Durham University
Programme and Module Handbook

Postgraduate Programme and Module Handbook 2020-2021 (archived)

Module COMP42415: Text Mining and Language Analytics

Department: Computer Science

COMP42415: Text Mining and Language Analytics

Type Tied Level 4 Credits 15 Availability Available in 2020/21
Tied to G5K823
Tied to G5K923


  • None


  • None

Excluded Combination of Modules

  • None


  • To introduce students to cutting-edge techniques for automated analysis of textual data and their applications


  • Preparation of textual data for machine learning
  • Representation and modelling of textual data
  • Advanced machine learning techniques for natural language analysis
  • Application of natural language analysis techniques within data science e.g. sentiment analysis, social media analysis, text classification and clustering

Learning Outcomes

Subject-specific Knowledge:
  • Upon successful completion of the module, the students will:
  • Have a critical appreciation of how natural language texts can be effectively represented for machine learning
  • Have an advanced understanding of automated natural language analysis through machine learning
  • Understand how natural language analysis can be applied effectively within data science
Subject-specific Skills:
  • Upon successful completion of the module, the students will:
  • Be able to prepare natural language texts for machine learning
  • Be able to train and apply machine learning models based on real textual data
Key Skills:
  • Effective written communication
  • Planning, organising and time-management
  • Problem solving and analysis
  • Reflecting and synthesising from experience

Modes of Teaching, Learning and Assessment and how these contribute to the learning outcomes of the module

  • This module will be delivered by the Department of Computer Science
  • Learning outcomes are met through classroom-based workshops, supported by online resources. The workshops consist of a combination of taught input, group work, case studies, discussion and computing labs. Online resources provide preparatory material for the workshops – typically consisting of directed reading and video content.
  • The summative assessment is an individual written assignment based on the development of a program to analyse a real natural language data set. This is designed to test students’ skills in problem identification, their theoretical understanding, and their ability to analyse the situation in order to categorise the potential solutions.
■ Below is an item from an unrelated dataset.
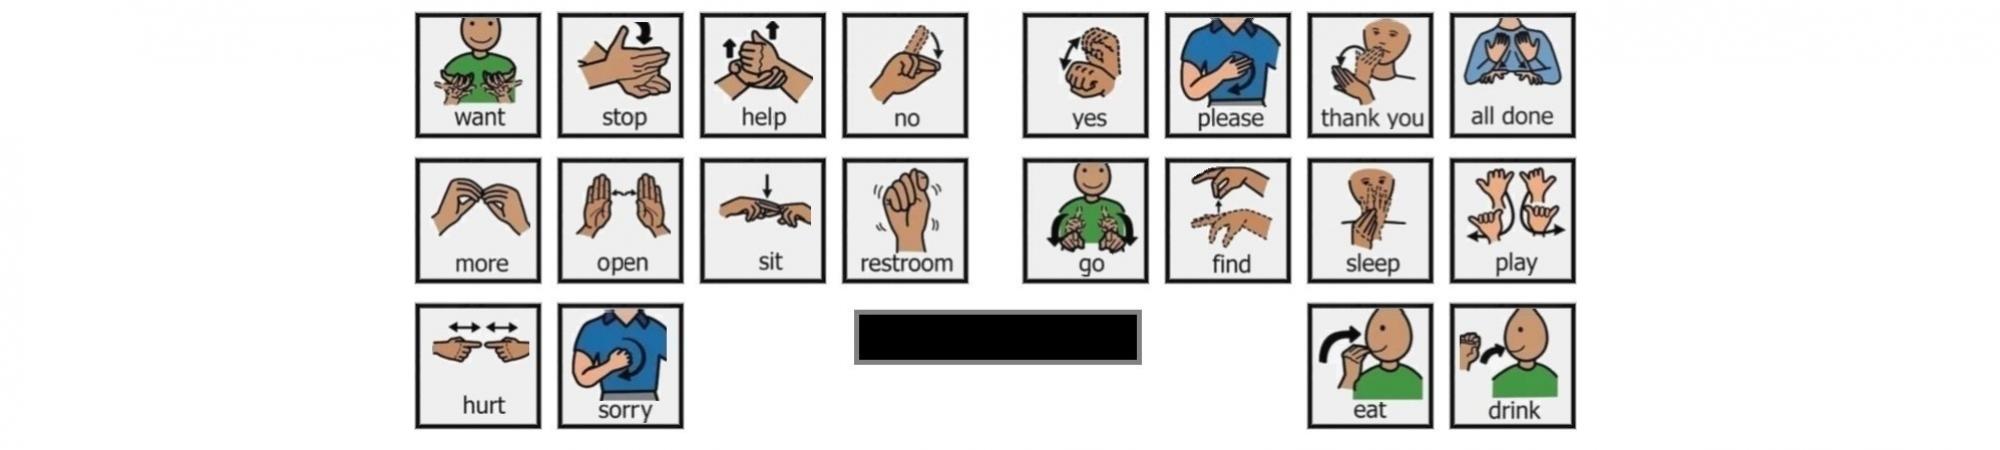 Asl symbols American sign language

Teaching Methods and Learning Hours

Activity Number Frequency Duration Total/Hours
Lectures 8 2 times per week (Term 2, weeks 16-19) 1 hour 8
Workshops 8 2 times per week (Term 2, weeks 16-19 2 hours 16
Surgery 12 3 times per week (Term 2, weeks 16-19) 1 hour 12

Summative Assessment

Component: Assignment Component Weighting: 100%
Element Length / duration Element Weighting Resit Opportunity
Individual written assignment based on the application of techniques to a specific problem 1500 words 100%

Formative Assessment:

A range of formative assessment methods will be used, including case study based exercises, group presentations and group discussions, and simulation exercises. Oral and written feedback will be provided on an individual and/or group basis as appropriate.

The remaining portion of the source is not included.